Você sabe com quem está falando?

B

em lá no início do curso de Comunicação Social, aprendemos que o emissor, o meio, a mensagem e o receptor são elementos fundamentais da comunicação. Sem um deles, o processo não se estabelece. Na prática, já no mercado, passei a compreender como funcionam os três primeiros dentro da área de Comunicação Interna de uma empresa. Embora se exercite diariamente técnicas que qualifiquem o emissor, o meio e a mensagem, nesta mesma prática, há pouco tempo para pensar sobre o último elemento, o funcionário da sua empresa. Quem é ele? O que o motiva? Que dúvidas ele tem a respeito da sua atividade? Essas são questões primordiais para o sucesso da comunicação interna em qualquer empresa do mundo. No Brasil, especialmente, o tema ganha mais um ingrediente: a qualidade da educação e a baixa escolaridade. Quanto tempo estudou? Qual seu nível de compreensão? Quantos livros lê por ano? Este é, portanto, o novo paradigma. Ouso dizer que, neste período de grande preocupação com a diversidade dentro do quadro de funcionários das organizações, além de todo investimento na valorização de negros, homossexuais e funcionários com deficiência, por exemplo, os empresários precisarão aplicar parte de seus esforços na comunicação com analfabetos funcionais. Aliás, você sabe o que é isso? Segundo a Unesco (organização das Nações Unidas para a educação, a ciência e a cultura), analfabeto funcional é toda pessoa que sabe escrever seu próprio nome, lê e escreve frases simples, efetua cálculos básicos, mas é incapaz de interpretar o que lê e de usar a leitura e a escrita em atividades cotidianas. E você sabia que, sendo a sua empresa uma empresa que recruta brasileiros, se ela tiver cinco mil funcionários, 1.400 deles podem ser classificados neste grupo? O dado é da edição de 2009 do Indicador de Analfabetismo Funcional, o Inaf, que retrata a situação de brasileiros com idade entre 15 e 64 anos, estudantes ou não. Segundo o Inaf 2009, 28% dos brasileiros são analfabetos funcionais.

{Jul/Ago de 2011}

A grande preocupação que precisa surgir a partir desta realidade da nossa alfabetização é a seguinte: qual o nível de compreensão dos funcionários da sua organização às informações que são comunicadas diariamente dentro da empresa? Suponhamos que o seu supermercado ou a sua indústria tenham um mural e uma revista. Certamente, a alta direção nutre a expectativa de que os seus funcionários se movimentem motivados pelas informações obtidas por meio dessas ferramentas. Nada mais natural depois do investimento aplicado.

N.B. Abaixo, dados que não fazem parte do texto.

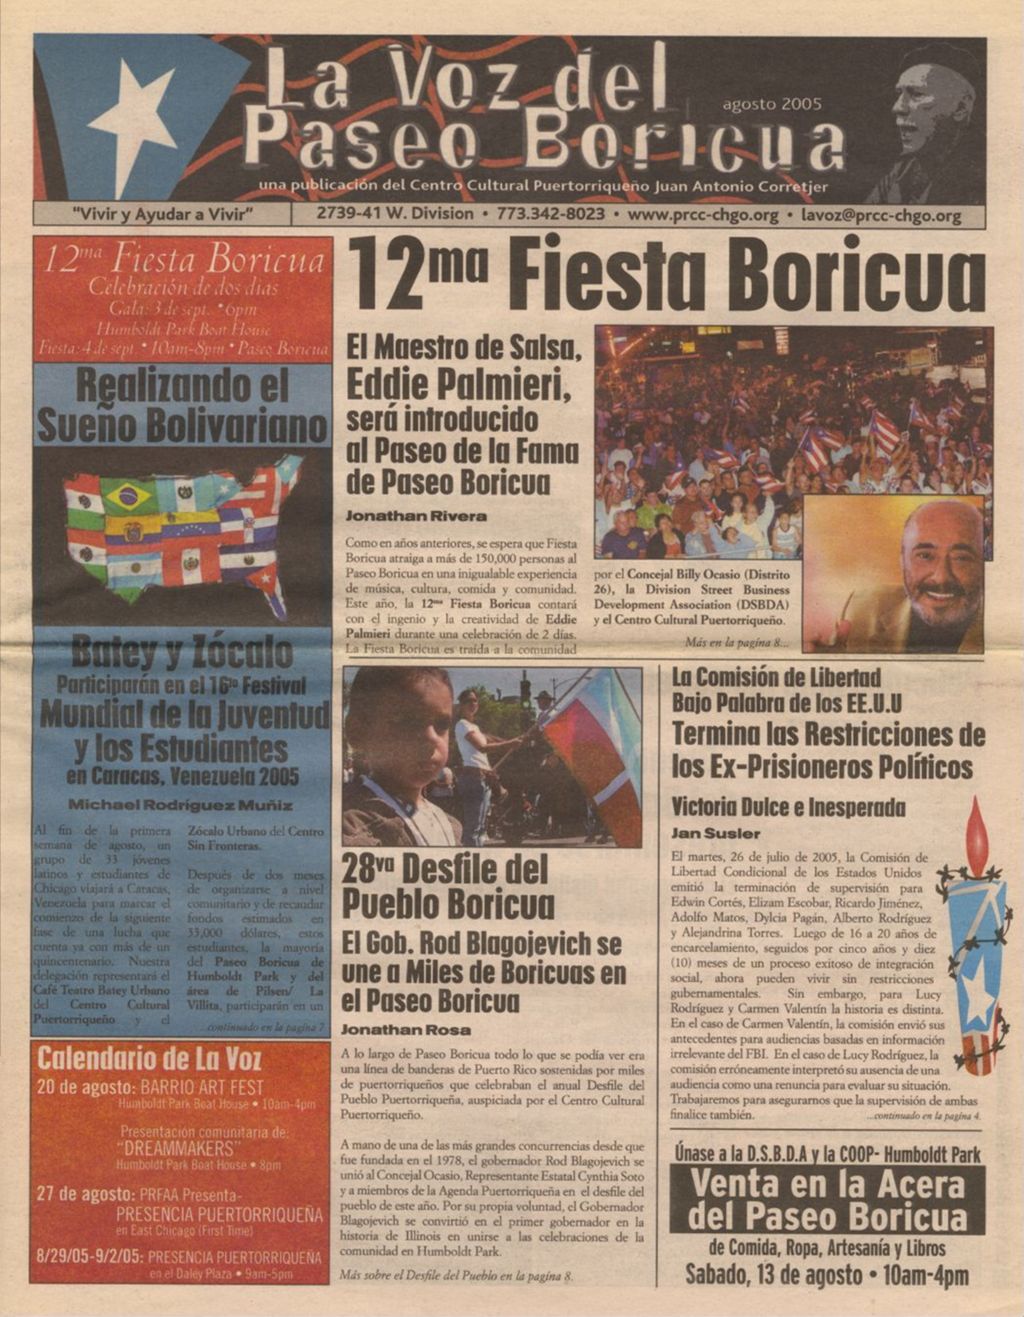 Miniature of La Voz del Paseo Boricua; August 2005 (Spanish and English covers)

Mas, repito o questionamento: este receptor está preparado para responder como o seu líder espera? Embora tenhamos assistido entusiasmados o fenômeno da emersão de milhões de brasileiros, que passaram a compor a classe C, ainda há estatísticas relacionadas à educação brasileira que nos envergonham – e prejudicam os negócios. Para se ter uma ideia, de acordo com o Relatório de Desenvolvimento Humano da ONU, a Organização das Nações Unidas, publicado no final do ano passado, o Brasil tem a média do Zimbábue no quesito educação. Nada contra o país africano, a não ser o fato de ele figurar na 169º posição do IDH (Índice de Desenvolvimento Humano), enquanto o Brasil está no 73º lugar. Os brasileiros estudam, em média, apenas 7 anos. O mesmo tempo que no Zimbábue. A ONU recomenda que o nosso país quase dobre o tempo de permanência da população dentro das salas de aula, elevando-o para 13 anos. E o futuro não parece nada promissor. O Brasil está apenas na 53ª posição do Programa Internacional de Avaliação de Alunos (Pisa, na sigla em inglês), divulgado em dezembro de 2010 pela Organização para a Cooperação e o Desenvolvimento Econômico (OCDE). O estudo fez um raio-x da situação da educação (leitura, matemática e ciência) de cerca de três mil adolescentes brasileiros, todos na faixa dos 15 anos. A China foi a grande vencedora, com 1.731 pontos. O Brasil acumulou 1.203 e ficou atrás de nações como Chile, Trinidad e Tobago, Colômbia, México e Uruguai. Em se tratando de leitura, especificamente, nosso índice ficou abaixo da média. A pesquisa é produzida a cada três anos e reúne 65 países, entre membros e parceiros da organização.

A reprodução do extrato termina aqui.